Spanish philosopher Jorge Agustín Nicolás Ruiz de Santayana y Borrás, more commonly referred to by his (shortened and likely colonized) English name as George Santayana, famously wrote, “Those who cannot remember the past are condemned to repeat it.” (It is perhaps not coincidental to the questions we were challenged to ask during our weekend that this familiar quote is often mistakenly attributed to a white, European orator, Edmund Burke.) Often, Santayana’s thinking is confined to conversations about world events in history classes. I believe that we must be brave like Mimi, to look to our own pasts, those of our ancestors, and those of the institutions and theoretical frameworks in which we work.

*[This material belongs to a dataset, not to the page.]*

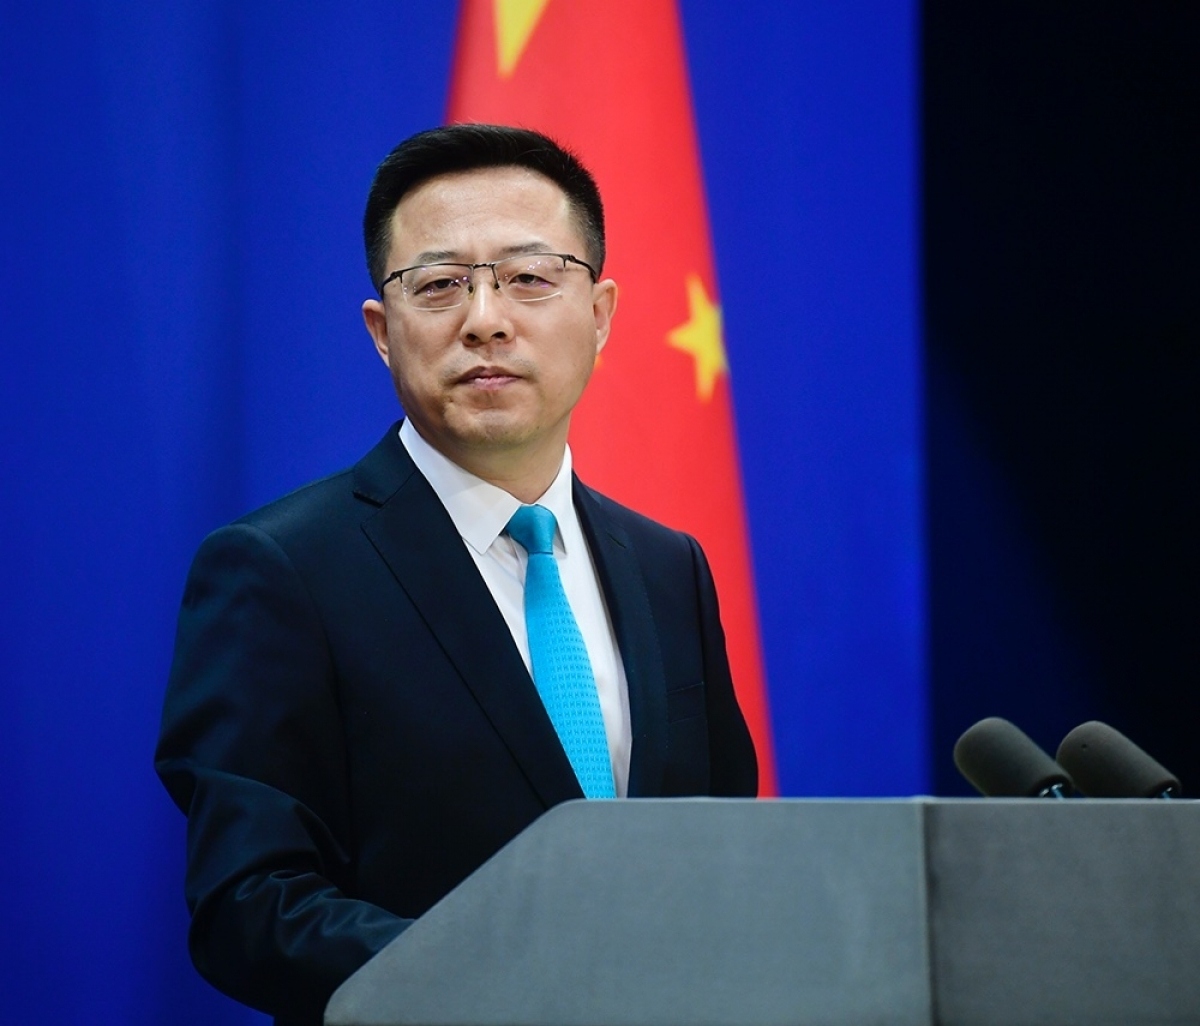 Trung Quốc phản đối Mỹ mời Đài Loan tham dự "Hội nghị Thượng đỉnh vì dân chủ"

We must ask the questions that may destabilize our own senses of ourselves and the selves of our colleagues, friends, families and institutions. We must move beyond seeing that exploration as destructive and threatening, but rather, as Mimi discovered, to embrace its possibility to uplift and humanize. By following Mimi’s vulnerable and brave example, we can better know the outlines of long ago violence and trauma enough that they can no longer condemn us. Instead, we can write more liberated narratives of our own lives and those we care for.